### Source information:
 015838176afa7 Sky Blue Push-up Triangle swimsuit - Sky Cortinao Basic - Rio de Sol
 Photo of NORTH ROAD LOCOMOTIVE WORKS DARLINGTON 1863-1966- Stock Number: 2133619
---
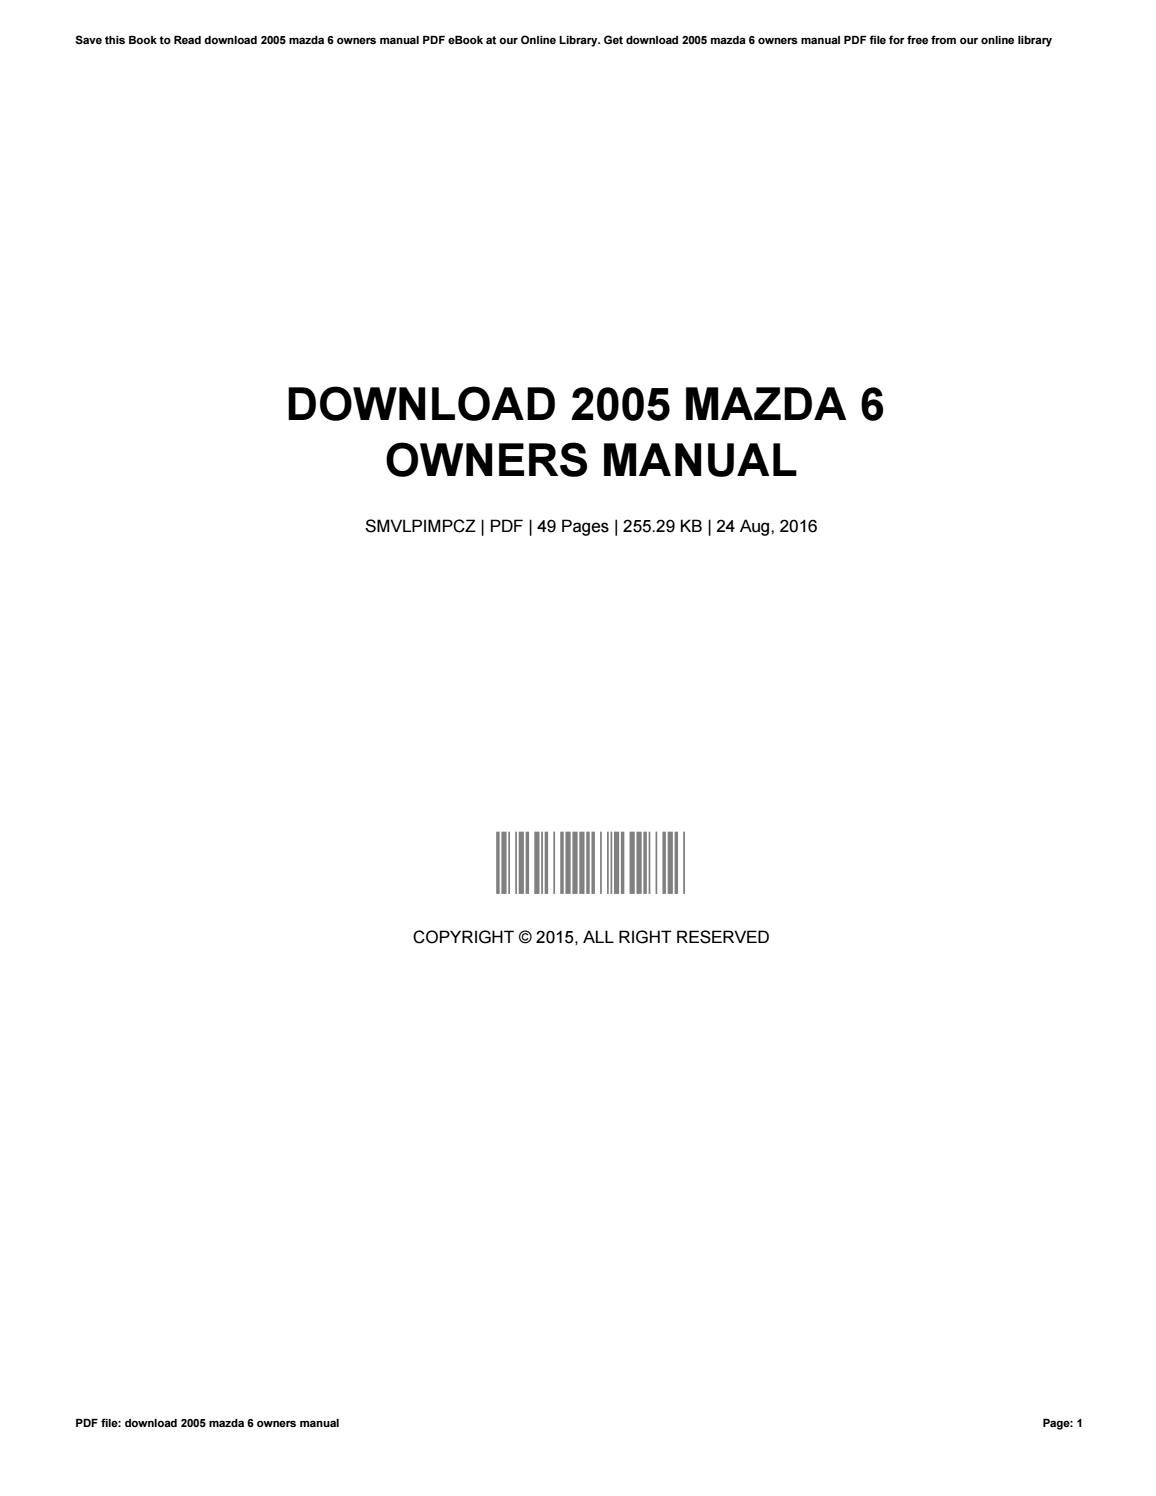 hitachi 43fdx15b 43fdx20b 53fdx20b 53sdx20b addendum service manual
...
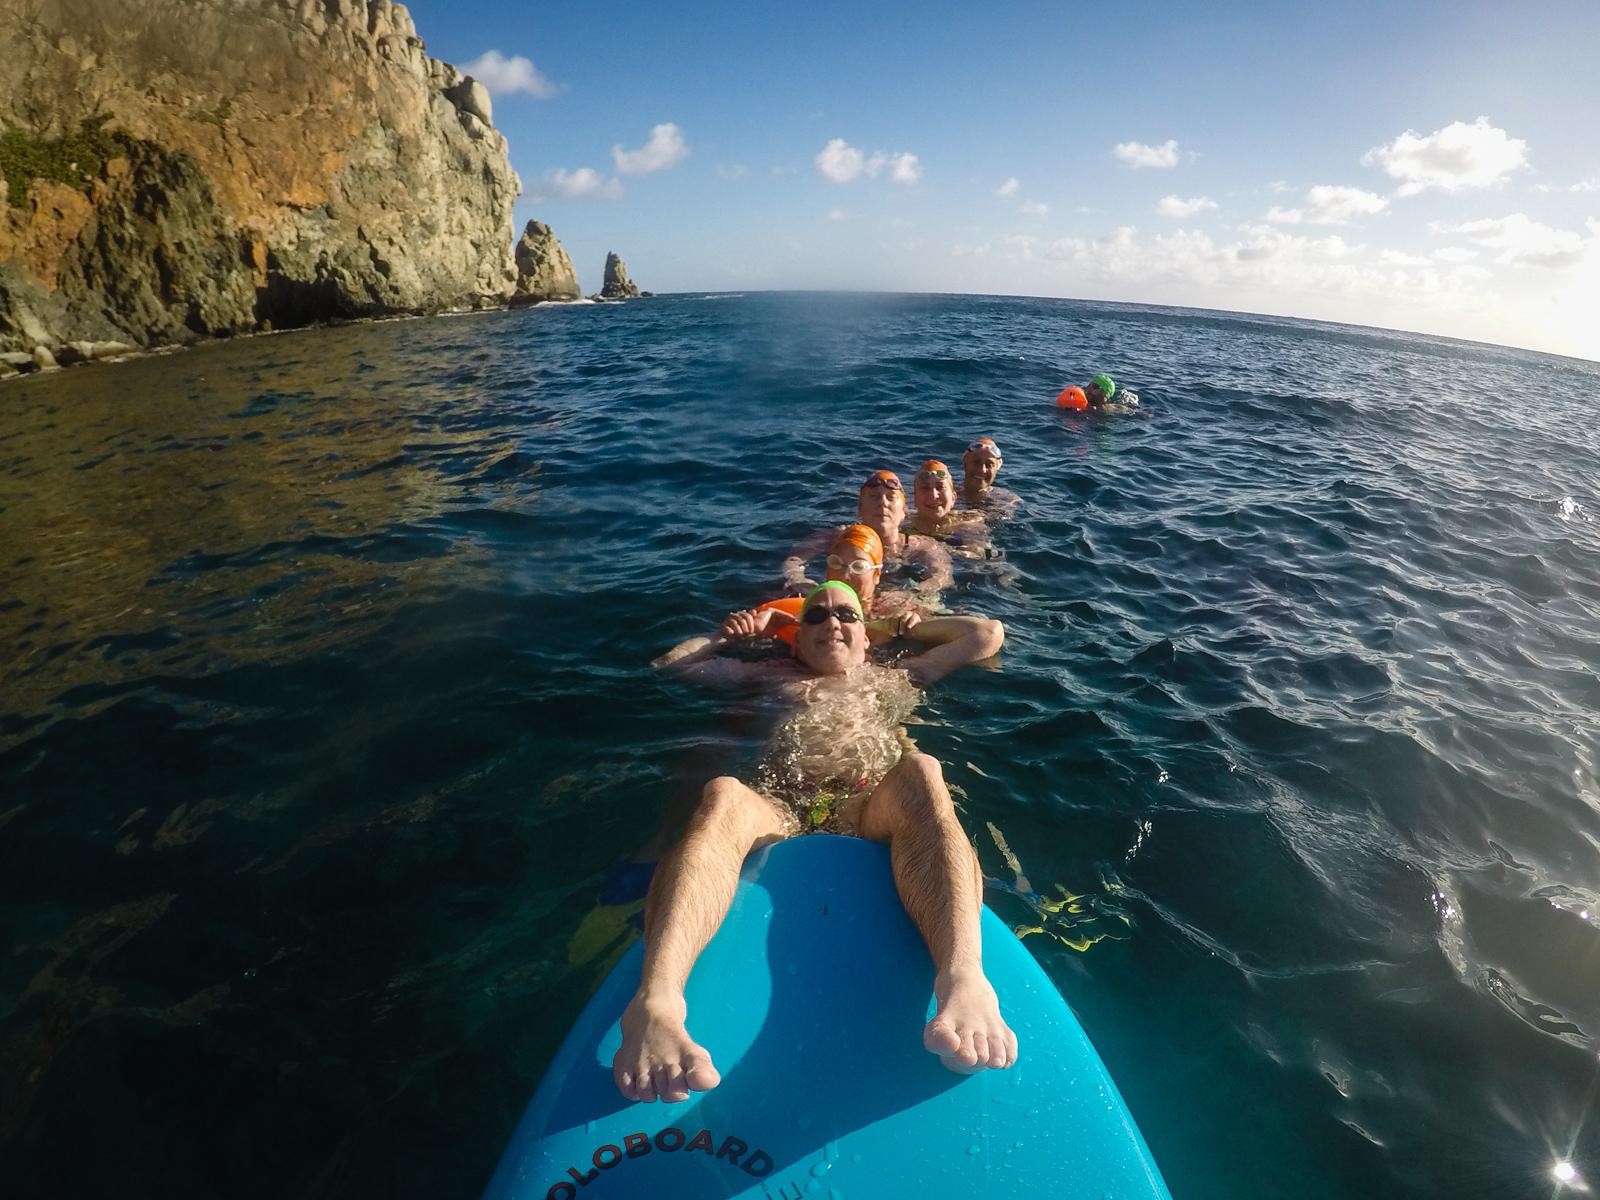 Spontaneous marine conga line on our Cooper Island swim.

### What is being asked:
Among the records above, repeat exactly the line with "015838176afa7 Sky Blue", the line with "Photo of NORTH", and every line in between, and only those.

### Task result:
 015838176afa7 Sky Blue Push-up Triangle swimsuit - Sky Cortinao Basic - Rio de Sol
 Photo of NORTH ROAD LOCOMOTIVE WORKS DARLINGTON 1863-1966- Stock Number: 2133619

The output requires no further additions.